Uso del Genome Shuffling para la producción de ácido poliglutámico.

   
     Uno de los procedimientos más estudiados en microbiología industrial es la obtención de organismos hiperproductores para la obtención de un producto de interés. Un ejemplo podría ser el ácido poli-γ-glutámico o γ-PGA.
El ácido poli-γ-glutámico (γ -PGA) es un polímero microbiano que se sintetiza dentro de la célula a través de diversos enlaces entre los residuos de ácido glutámico. Dicho compuesto es comestible, biocompatible, biodegradable y no es tóxico, por lo que se ha convertido en un prometedor biomaterial con aplicaciones potenciales en la industria, la agricultura, la medicina, la alimentación, los cosméticos y el tratamiento del agua.
El objetivo de este experimento (llevado a cabo por Zeng W et al y publicado en Microbial Biotechnology en el año 2016) es obtener cepas mutantes hiperproductoras de γ -PGA, mediante la técnica del barajeo de genomas, la cual mejora sus características microbianas industriales. Se trata de un método que combina genomas de varios organismos mediante varias rondas de fusión de sus distintos genomas con el fin de obtener un organismo superproductor. Para este estudio, se desarrolló una cepa de B. subtilis GXA-28 en la cual se examinó el rendimiento de γ-PGA y se realizó un análisis metabólico de la biosíntesis de γ-PGA, con el fin de ver si el método del Genome Shuffling es útil para obtener hiperproductores de dicho polímero.

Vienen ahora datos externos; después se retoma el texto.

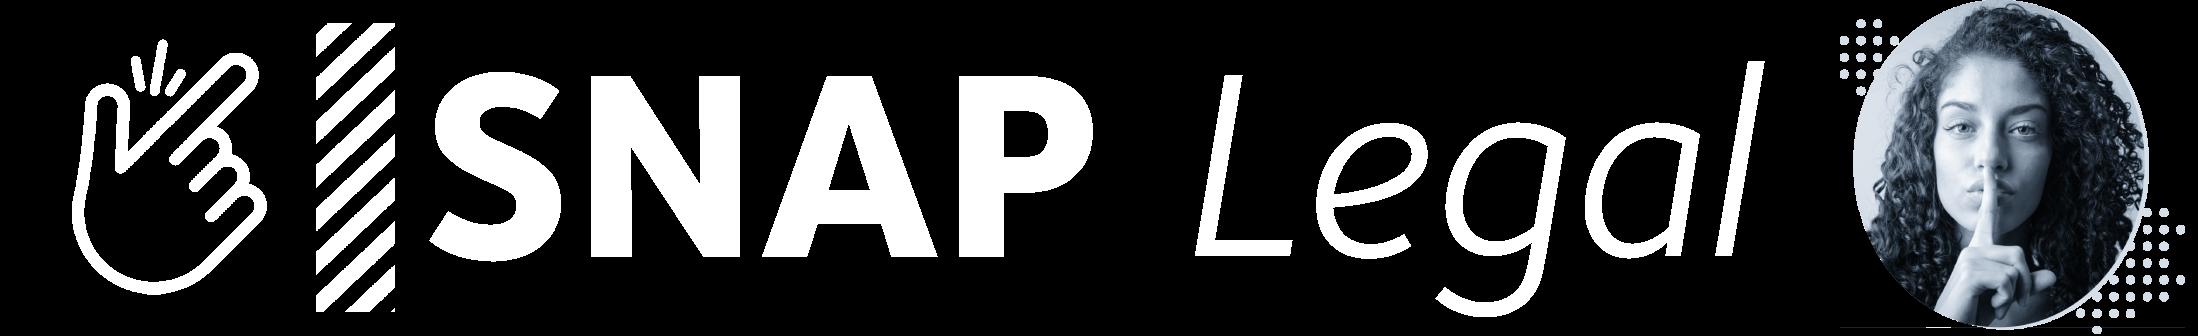 SNAP Legal - NDA 2020
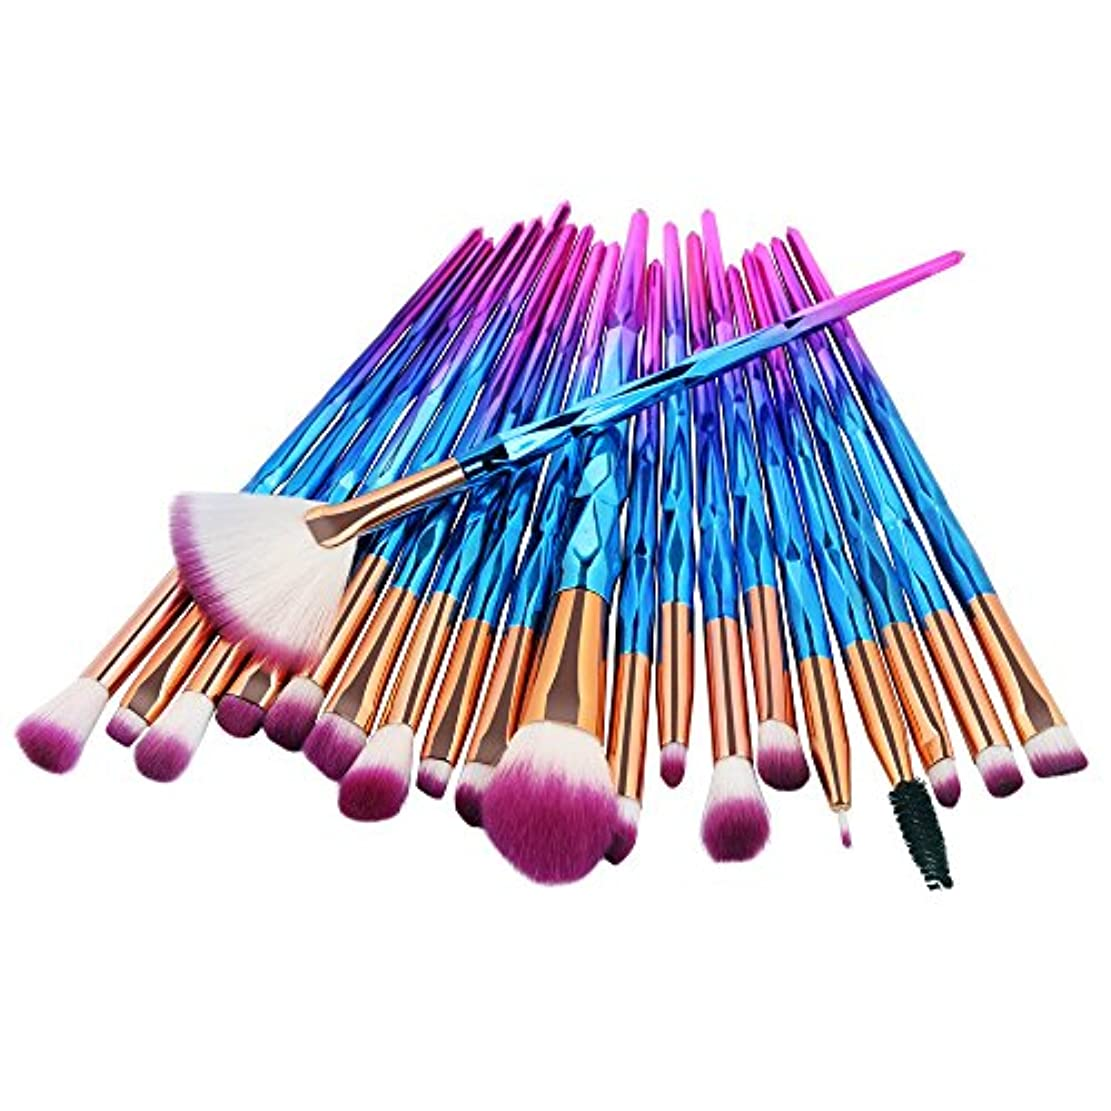 ために高原に賛成Feteso メイクブラシ メイクブラシセット 多色 20 本セット 人気 化粧ブラシ ふわふわ 敏感肌適用 メイク道具 プレゼント アイシャドウ アイライナー Makeup Brushes Set

El primer inconveniente del estudio es, por tanto, obtener organismos modificados genéticamente para la superproducción del polímero. ¿Cómo puede llevarse a cabo este proceso? Mediante un proceso basado en 6 etapas que se podrían resumir en realizar mutaciones, fusionar genomas y realizar un cribado de los microorganismos más productores. En primer lugar, es necesario mutagenizar la cepa silvestre (por ejemplo, mediante radiación UV). Posteriormente, preparar los protoplastos (que son organismos que carecen de pared celular) con el fin de que sea más fácil la incorporación de ADN en ellos. Finalmente, se seleccionan las cepas que más rendimiento presenten (tras haber aplicado la mutación) y se fusionan sus genomas (este es el fundamento del Genome Shuffling). Este proceso se realizó diversas veces, seleccionando cada vez individuos de la nueva generación hasta que se llegó a la generación 3 de cepas mutantes, o como lo llamaremos a partir de ahora, F3.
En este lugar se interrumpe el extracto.